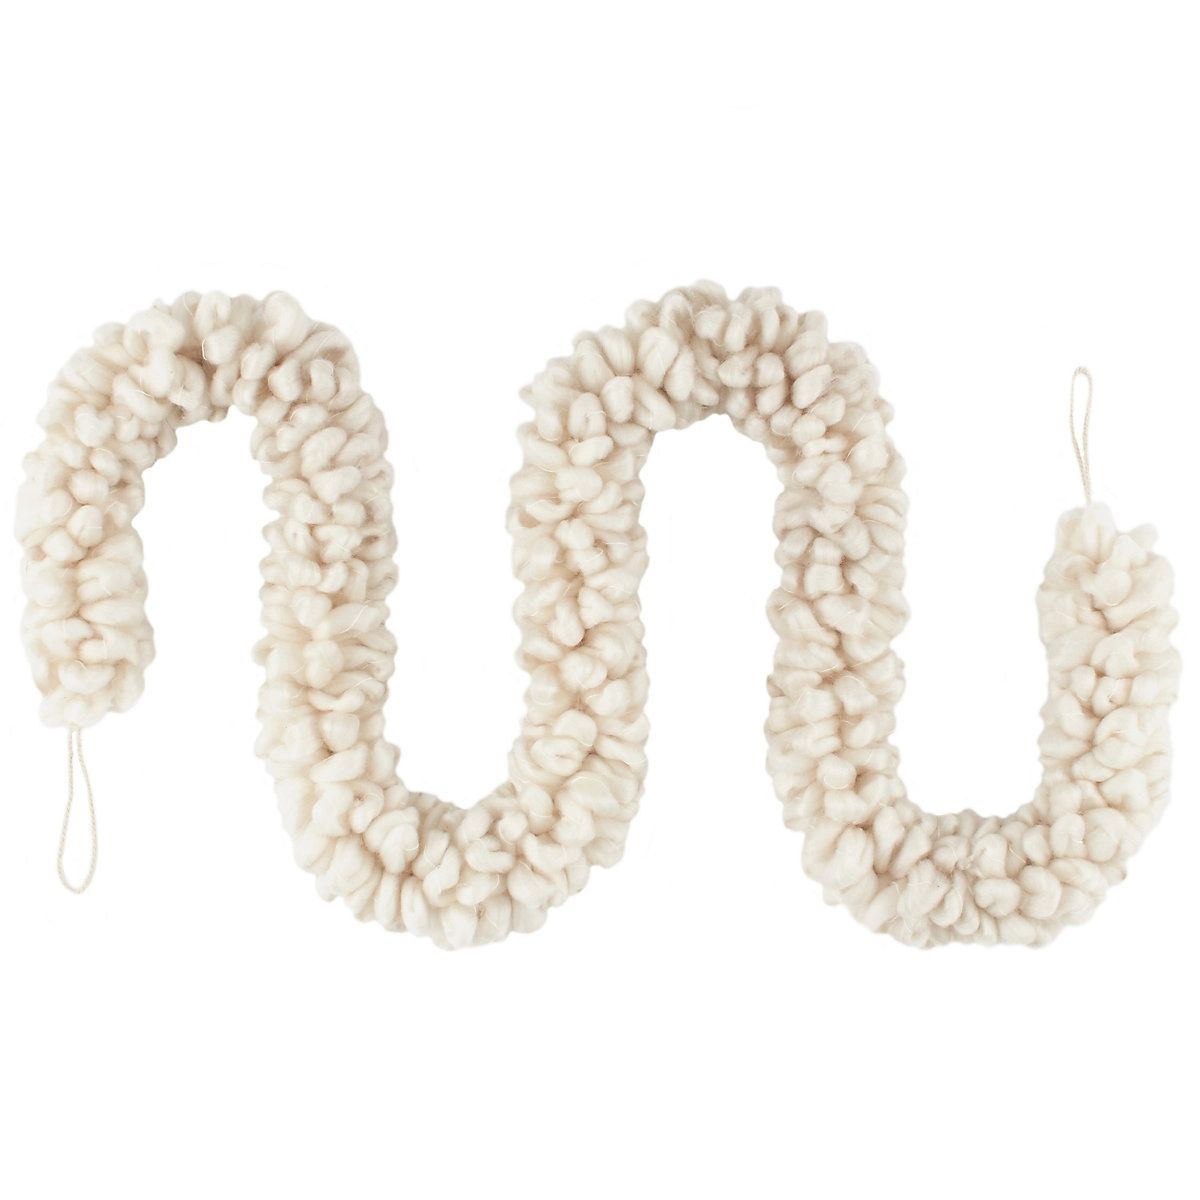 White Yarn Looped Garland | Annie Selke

==

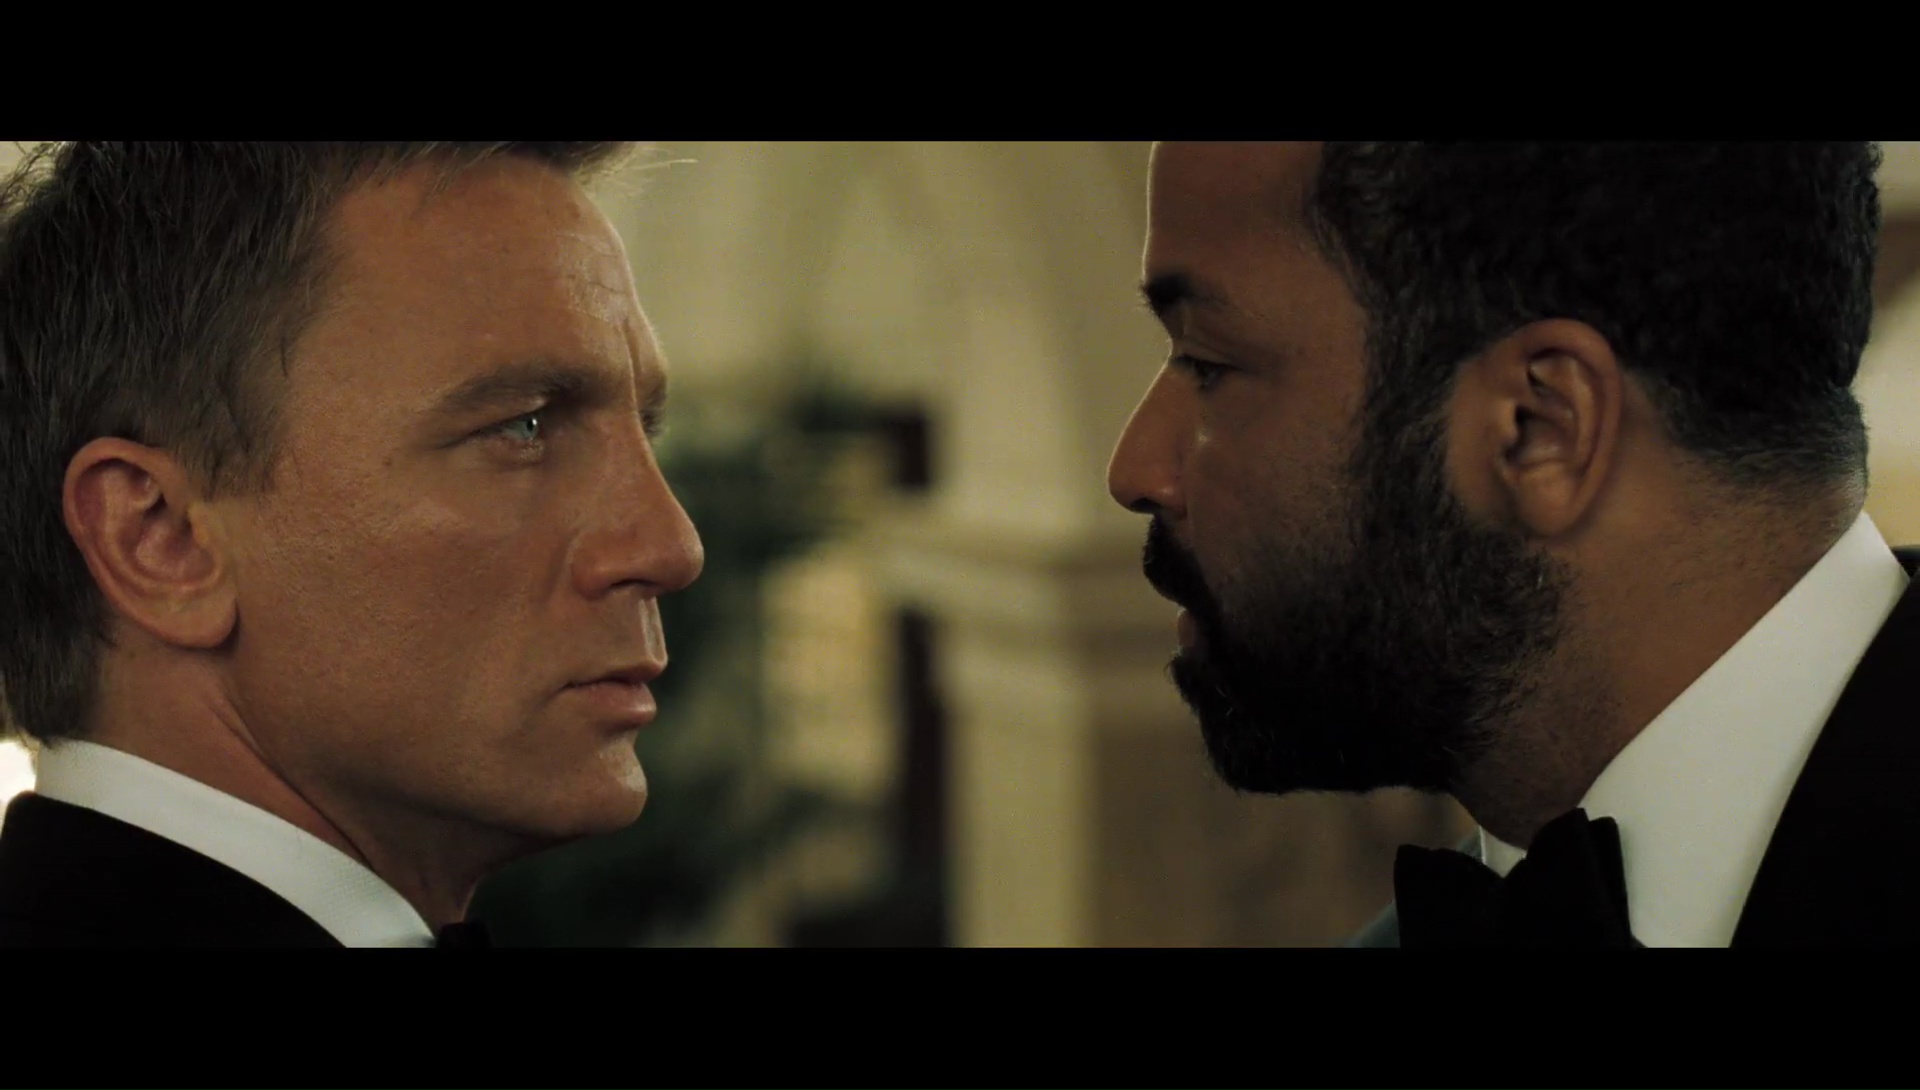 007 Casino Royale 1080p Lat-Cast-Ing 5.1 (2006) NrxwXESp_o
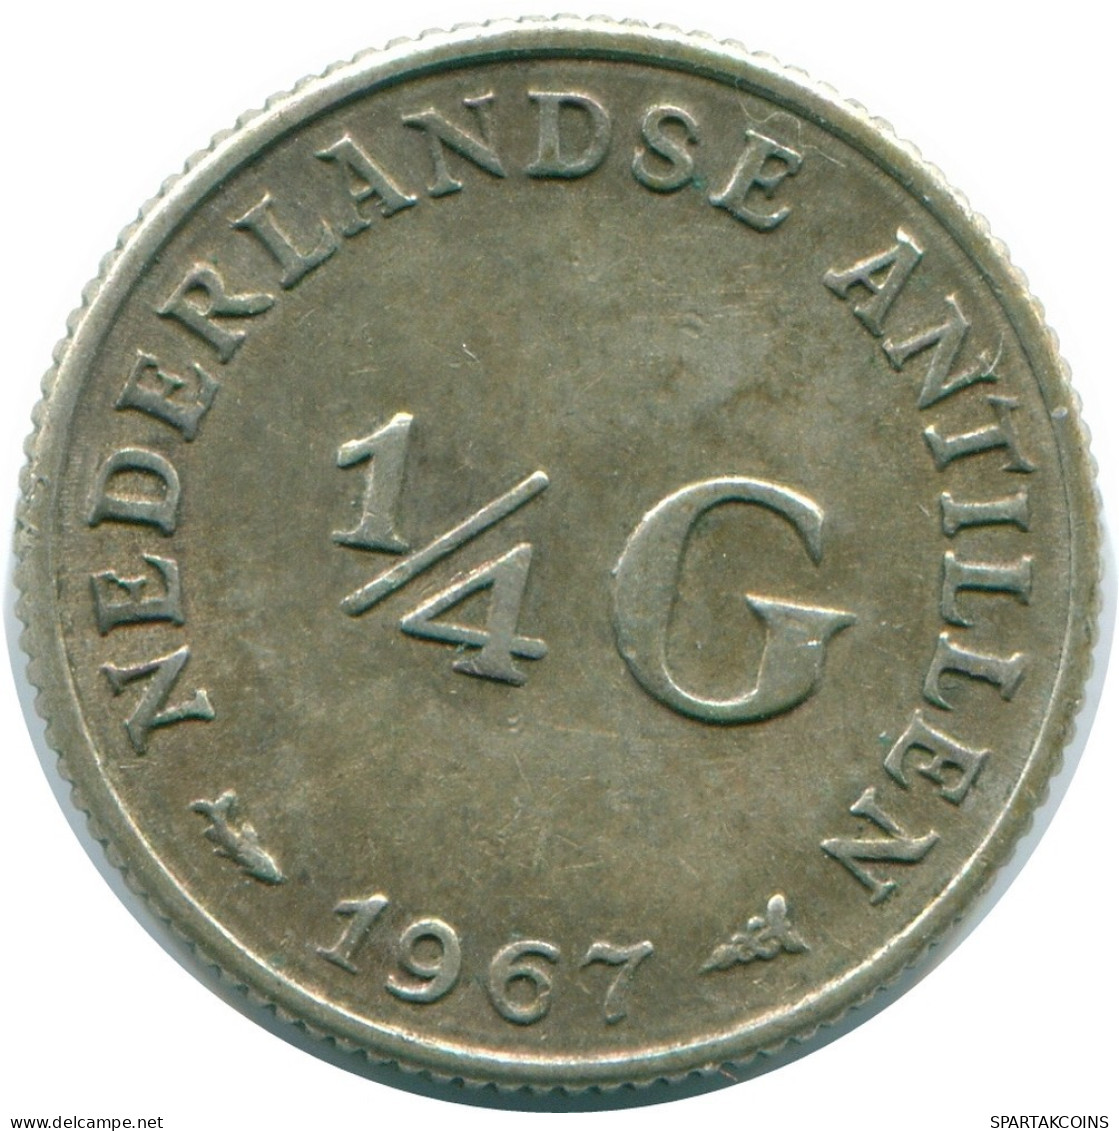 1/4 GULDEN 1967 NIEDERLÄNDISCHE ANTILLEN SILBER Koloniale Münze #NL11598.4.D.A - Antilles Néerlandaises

---

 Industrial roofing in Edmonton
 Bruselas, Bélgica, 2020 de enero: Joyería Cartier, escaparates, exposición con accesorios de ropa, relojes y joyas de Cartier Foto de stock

Required work: The entries above hold a line with "Industrial roofing in Edmonton" and a later line with "Bruselas, Bélgica, 2020". Write out exactly those lines and all lines between, nothing more.

Response area:
 Industrial roofing in Edmonton
 Bruselas, Bélgica, 2020 de enero: Joyería Cartier, escaparates, exposición con accesorios de ropa, relojes y joyas de Cartier Foto de stock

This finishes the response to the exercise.